* Data provided
=== Section Start ===
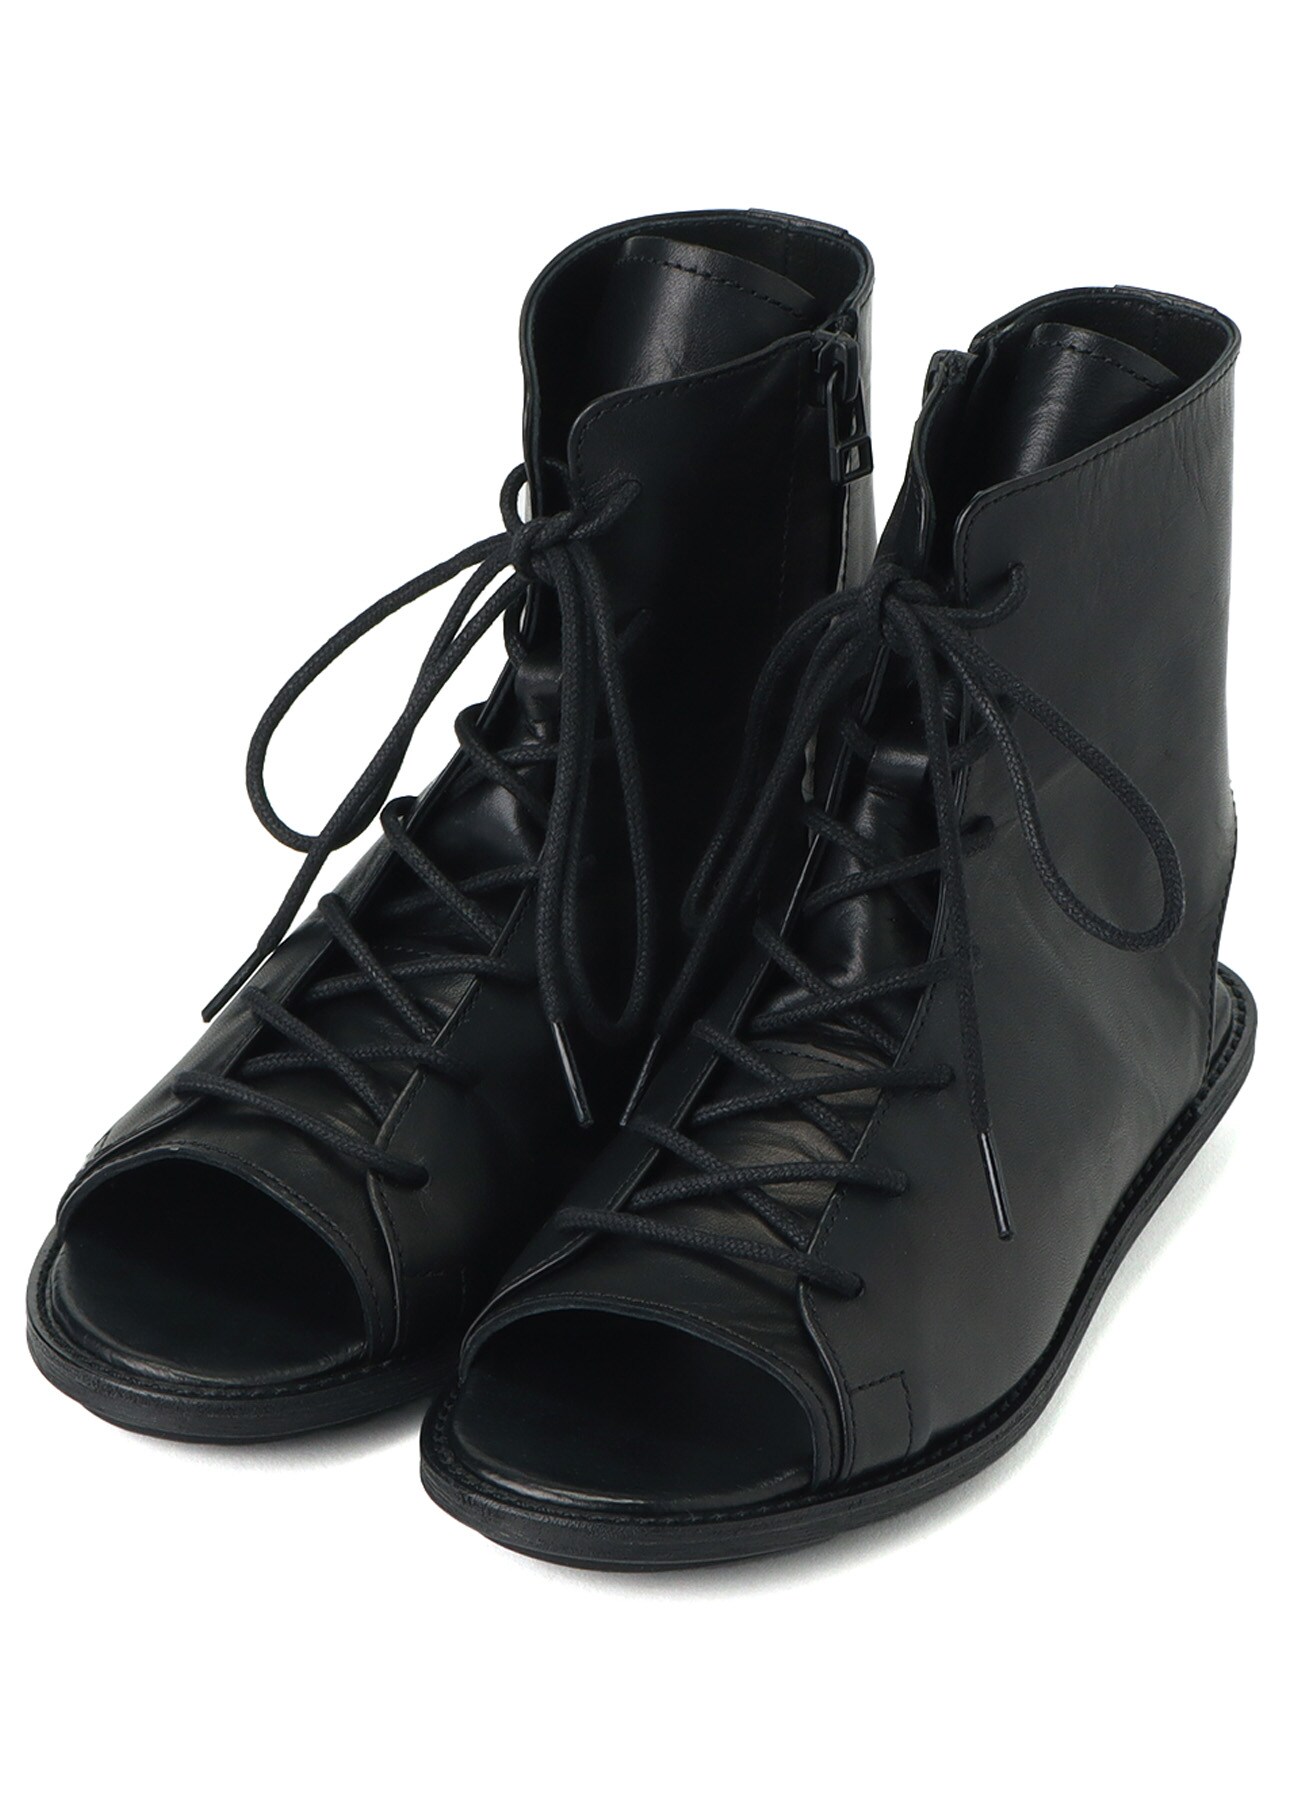 MATTE HORSE LEATHER OPEN-TOE BOOTS	
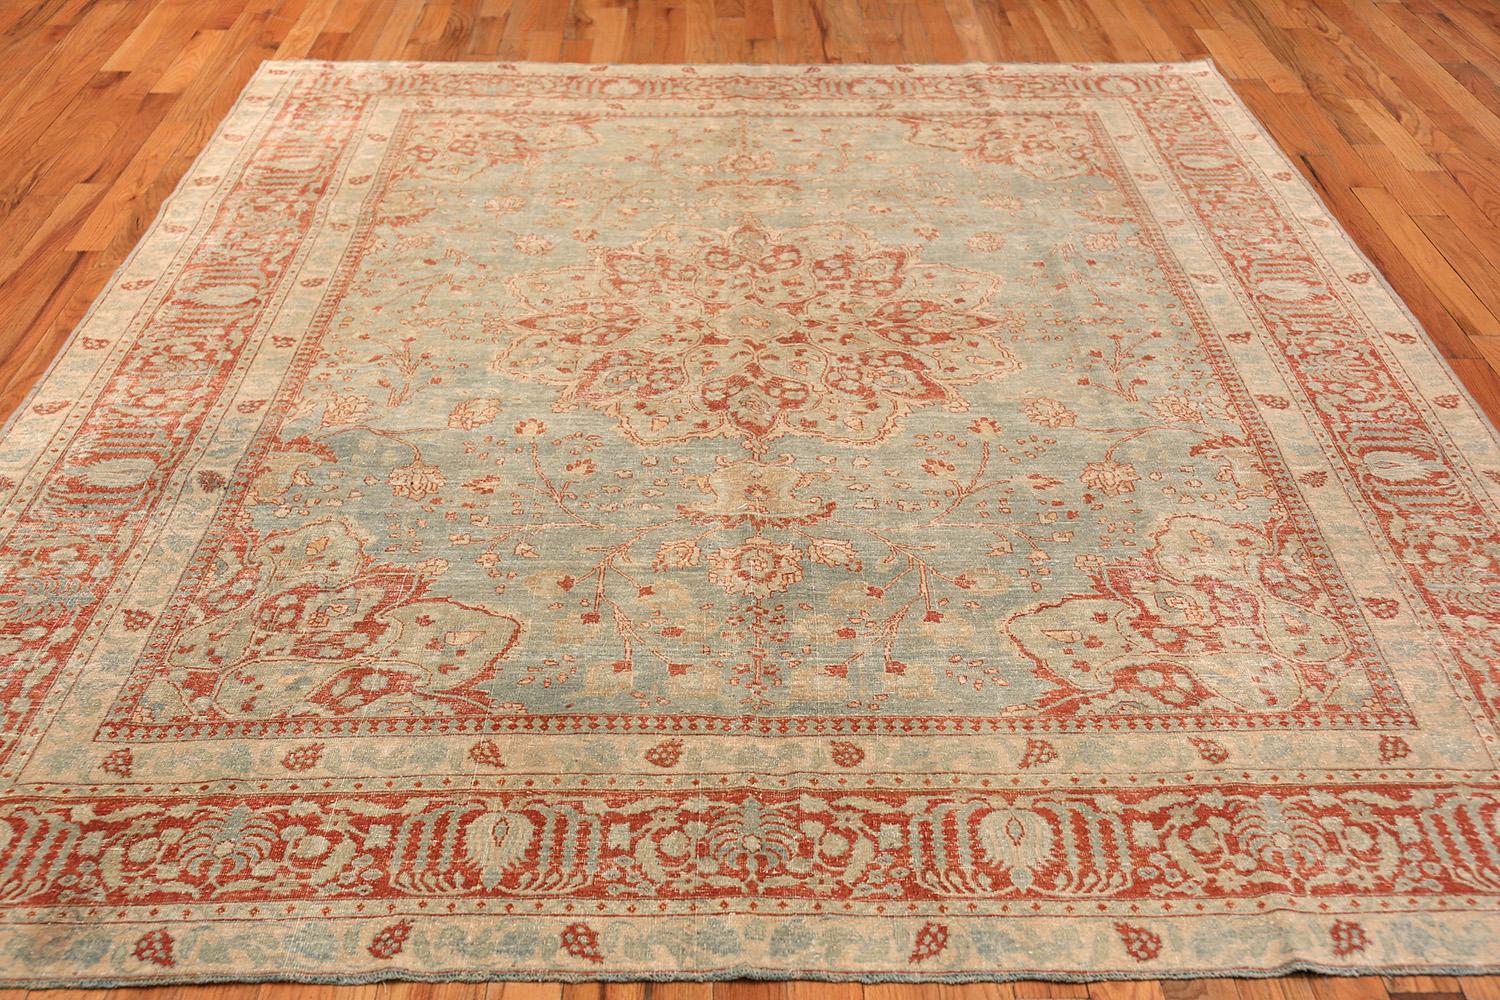 Light Blue Shabby Chic Antique Persian Tabriz Rug. Size: 8 ft 4 in x 10 ft 7 in 3
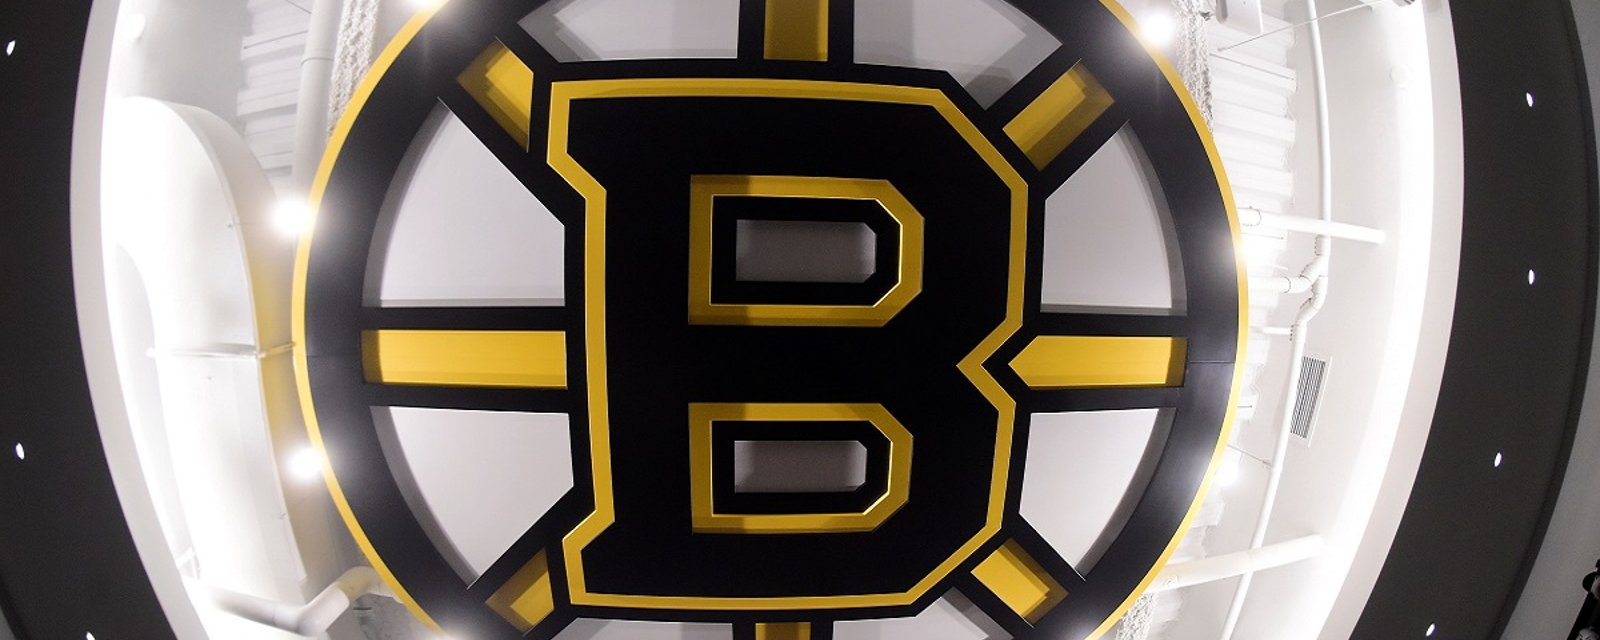  Breaking: Bruins admit they are looking for another coach.
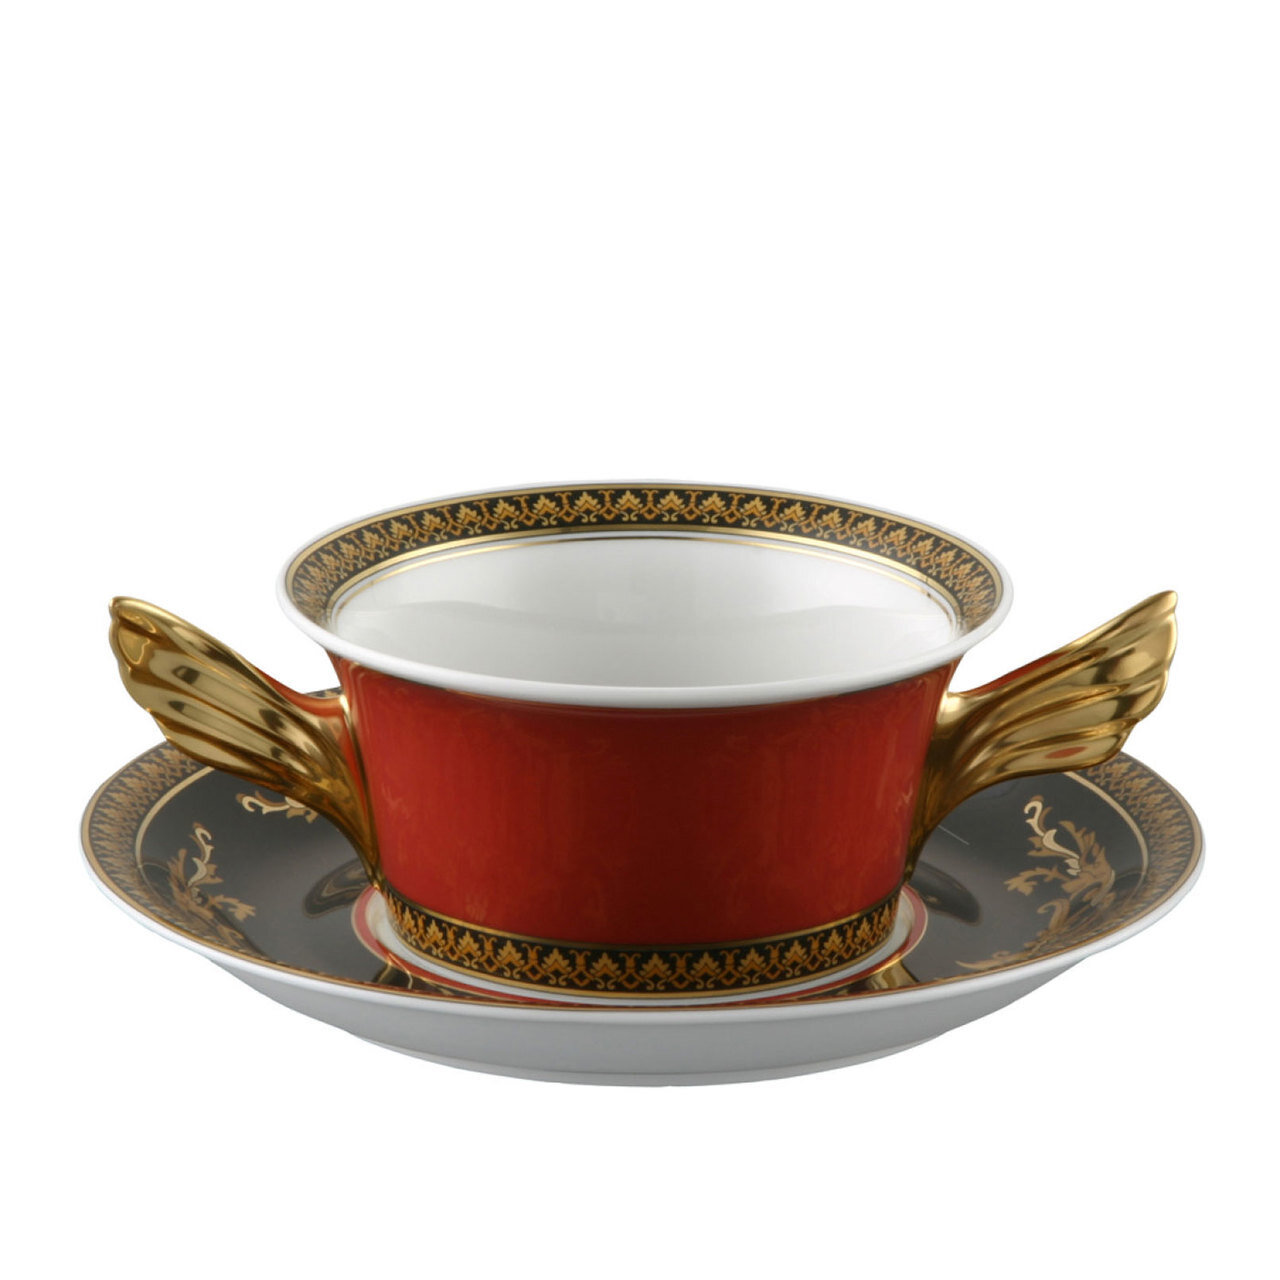 Versace Medusa Red Cream Soup Cup and Saucer 6 3/4 Inch 10 oz.
=== Section End ===
Excluding every picture, set down the listing exactly.

 MATTE HORSE LEATHER OPEN-TOE BOOTS	
 Light Blue Shabby Chic Antique Persian Tabriz Rug. Size: 8 ft 4 in x 10 ft 7 in 3
  Breaking: Bruins admit they are looking for another coach.
 Versace Medusa Red Cream Soup Cup and Saucer 6 3/4 Inch 10 oz.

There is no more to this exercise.